Consent for Nitrous Oxide/Oxygen Sedation



1. I understand that the purpose of nitrous oxide/oxygen sedation (commonly known as laughing gas) is to receive necessary care more comfortably. Nitrous oxide/oxygen is not required to provide the necessary dental care. I understand that sedation with nitrous oxide/oxygen has limitations and risks, and absolute success cannot be guaranteed. (See #4 options.)


2. I understand that nitrous sedation is a drug-induced state of reduced awareness and decreased ability to respond. Nitrous oxide sedation is not sleep. I will be able to respond during the procedure. My ability to respond normally returns when the effects of the sedative wear off.


3. I understand that the alternatives to conscious sedation are:
a. No sedation: The treatment is performed under local anesthetic with the patient fully aware.
b. Oral Conscious Sedation: Sedation via a pill form that will put the patient in a minimally depressed level of consciousness.
c. Intravenous Sedation: Injection of the sedative in a tube connected to a vein in my arm.
d. General Anesthetic: Commonly called deep sedation or “sleep dentistry”, a patient under general anesthetic has no awareness and must have their breathing temporarily supported.


4. I understand that the administration of medication and the performance of conscious sedation with nitrous oxide carries certain common hazards, risks, and potential unpleasant side effects which are infrequent, but none the less, may occur. They include but are not limited to the following:

a. Nausea and Vomiting: This is the most frequent of the side effects of nitrous oxide sedation but its frequency is still quite low. It is important to tell the doctor, hygienist, or assistant that you are experiencing some discomfort. The level of nitrous oxide can be adjusted to eliminate this side effect.
b. Excessive Perspiration: Sweating may occur during the procedure, and you may become somewhat flushed during administration of nitrous oxide.
c. Behavioral Problems: some patients will talk excessively. You may become difficult to treat because you are so talkative, or experience vivid dreams associated with physical movement of the body.
d. Shivering: Although not common, shivering can be quite uncomfortable. Shivering usually develops at the end of the sedative procedure when the nitrous oxide has been terminated.
e. Driving a Motor Vehicle: You may not feel capable of driving after nitrous oxide. If this occurs, we will keep you until you feel better or have you call a friend or cab to ensure your safety.
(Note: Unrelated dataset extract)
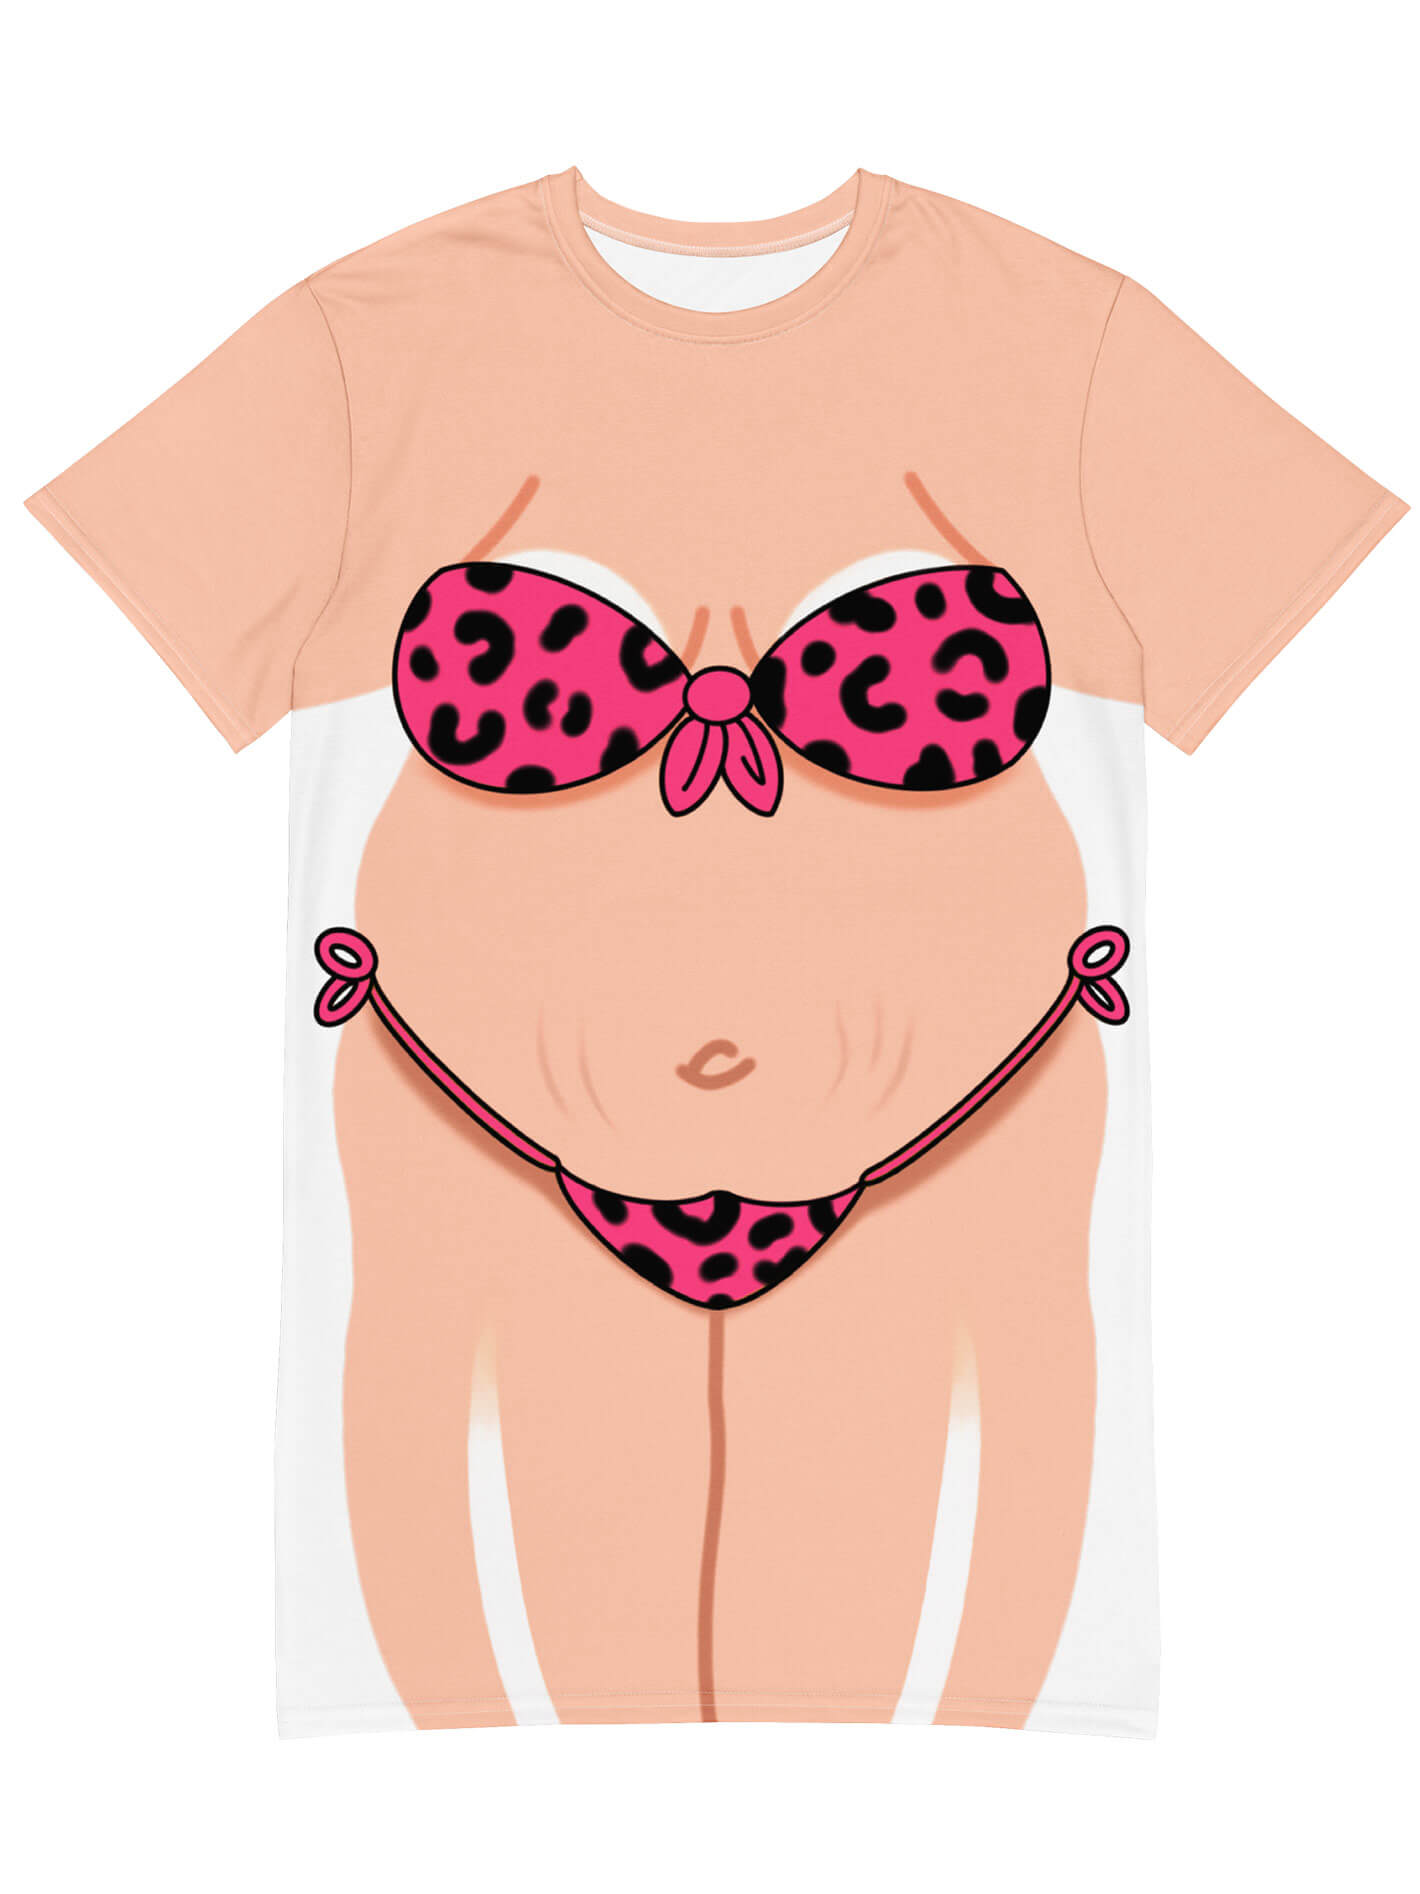 plus size beach wear outfit ideas 2 | Plus size beach wear, Plus size  swimwear, Plus size beach outfits

5. I have had the opportunity to discuss conscious sedation and have all my questions answered by qualified personnel including the doctor.


6. I understand that I must notify the doctor if I am pregnant, or if I am lactating. I must notify the doctor if I have sensitivity to any medication, of my present mental and physical condition, if I have recently consumed alcohol, and if I am presently on psychiatric mood-altering drugs or other medications.


I hereby certify that I understand this authorization and the reasons for nitrous oxide/oxygen sedation and associated risks. I am aware that the practice of dentistry is not an exact science. I acknowledge that every effort will be made in my behalf for a positive outcome from sedation, but no guarantees have been made to the result of the procedure authorized above.